Liam Howe finds a great deal of satisfaction in confusing people. Indeed, the Sneaker Pimps' keyboard player practically snickers with pride over the inability of critics and fans to categorize his British trio's modern-sounding techno music.

"We've been called everything from 'punk-edged electronica' and 'alternative dance-pop' to 'co-ed trip hoppers from the U.K.,' " Howe said by phone from a tour stop in Denver. "I'm not quite sure exactly what any of that means, but I like the fact that we're tough to pigeonhole.

"Basically, we're a just pop band," he continued, "and confusing the structure of pop music can only be a healthy thing. Otherwise, things becomes static and predictable. For us, to sample work from artists as diverse as [haunting folk-rocker] Nick Drake, [pioneering electronic band] Kraftwerk and the [rockabilly/surf-punk] Cramps is our way of breaking down narrowly defined musical parameters. In that sense, I guess you could call us genre-hoppers."

Hard to classify or not, the band--which plays Sunday at the Galaxy in Santa Ana--is getting its share of media exposure. Their lush, dreamy single "6 Underground" is featured on "The Saint" movie soundtrack and is getting airplay on modern rock stations and on public radio.


Sneaker Pimps (a phrase coined by the Beastie Boys to describe a person they paid to find rare gym shoes) embarked on their first headlining tour less than a month ago to promote their 3-month-old debut CD, "Becoming X."

"We've decided not to use any sequencers or tapes [on stage]. Everything must be triggered live by the band," Howe said. "You know, bands like Portishead and Massive Attack are commonly criticized for tediously replicating their albums almost note for note. We want to avoid that. . . . It feels far too odd for us to play along to a tape every night anyway. Our challenge is to juggle keeping our sonic proficiency and creating spontaneous, live excitement."

Howe, 26, who co-writes the band's material with lead guitarist Chris Corner, focuses on cultural phenomena, with something of a cynical bent. A song called "Post-Modern Sleaze" looks at how the movies can create a life-imitates-art mentality, and how suicide is glamorized by segments of society.

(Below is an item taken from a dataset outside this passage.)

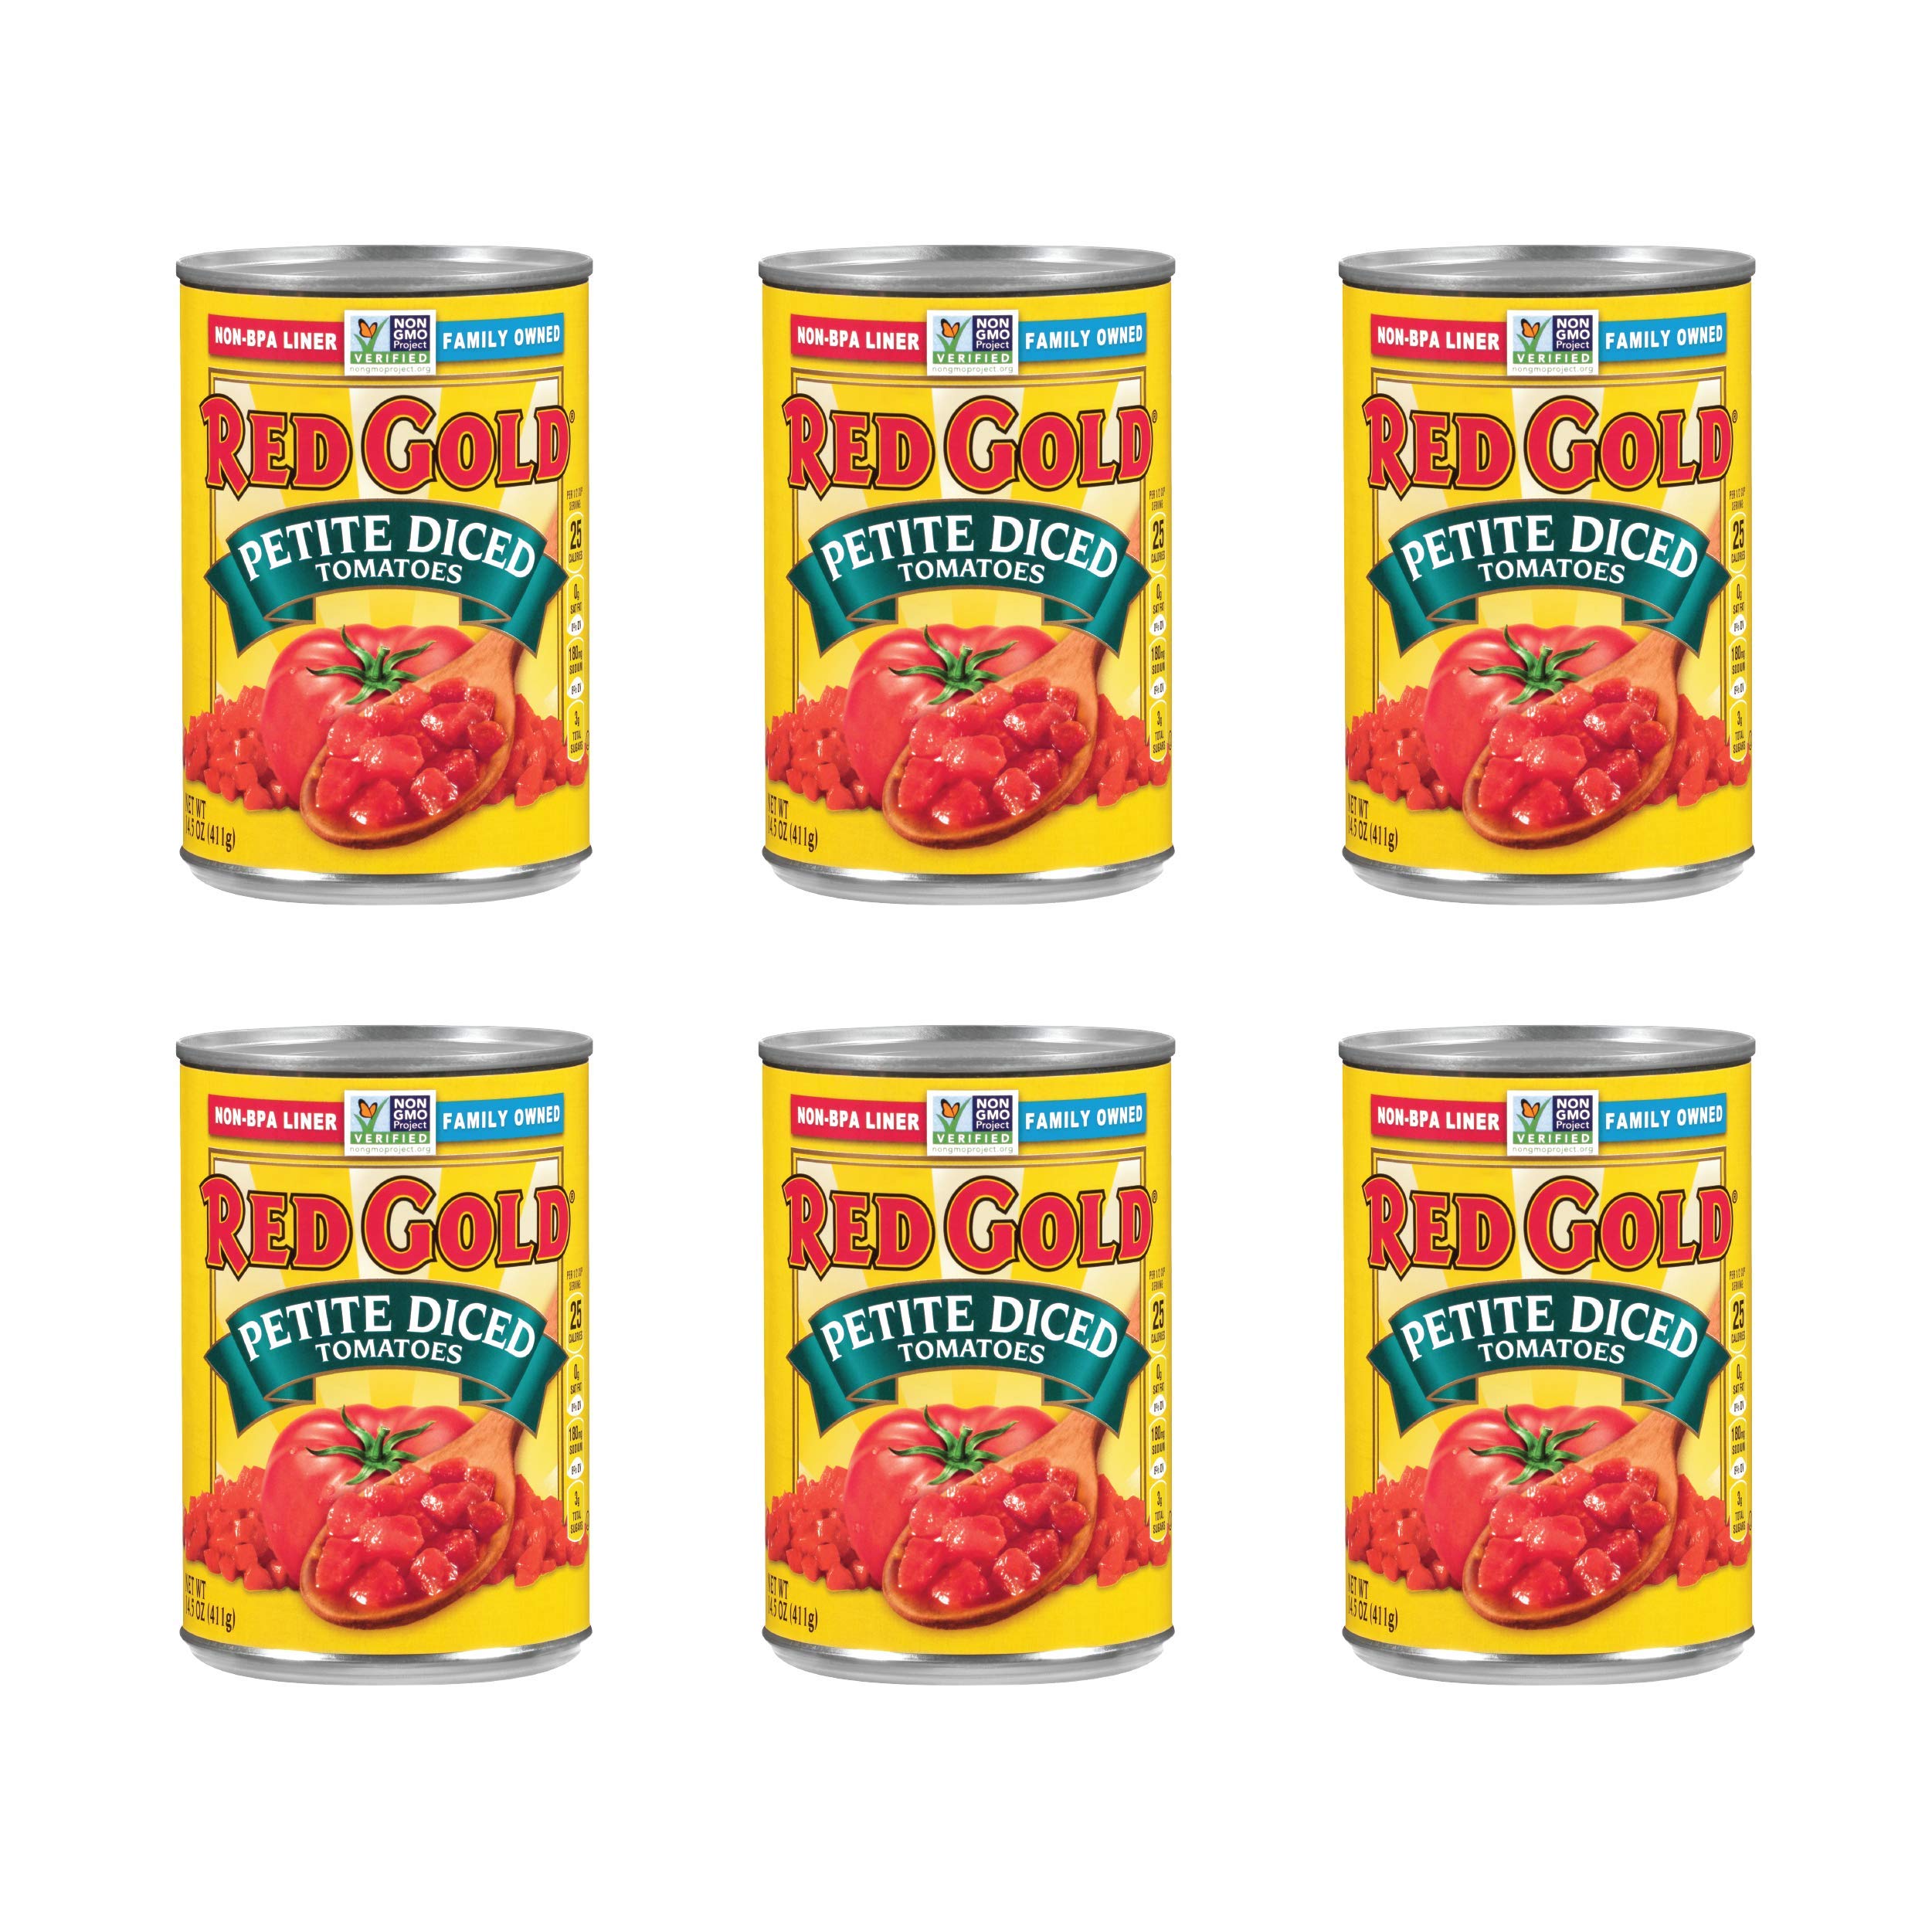 Red Gold Petite Diced Tomatoes, Kosher and Gluten Free, 14.5 Ounce Cans, 6-Pack

"I read this absurd article," Howe said, "in a British style magazine about what they called the 'Thelma and Louise Syndrome,' about flippant films that generated this enormous copycat type of effect. The story uncovered moms who either left their families or killed themselves because their boring middle-class lives suddenly weren't good enough anymore. [So I came up with a song] about how fashionable it is to fabricate myths and then take no responsibility for them."

Musically, Howe said, he believes Sneaker Pimps "satisfy two primal desires at once" with their propulsive, sensual dance beats. "The first is to simply move physically and satisfy that libidinal desire to shake, twist, spin and cavort about.

"And secondly, the best electronic music can be cerebrally pleasing as well. Experimental German bands like Ovalis really testing the limits. Those not dancing their rear ends off can think about the words being sung or pick up the shifts in tempo and mood. It's actually quite an eclectic style.

"Some people don't know what to make of us, and that's good," he added. "I think we do present more questions than answers, really. It'd be nice if fans left our performances more confused than when they arrived."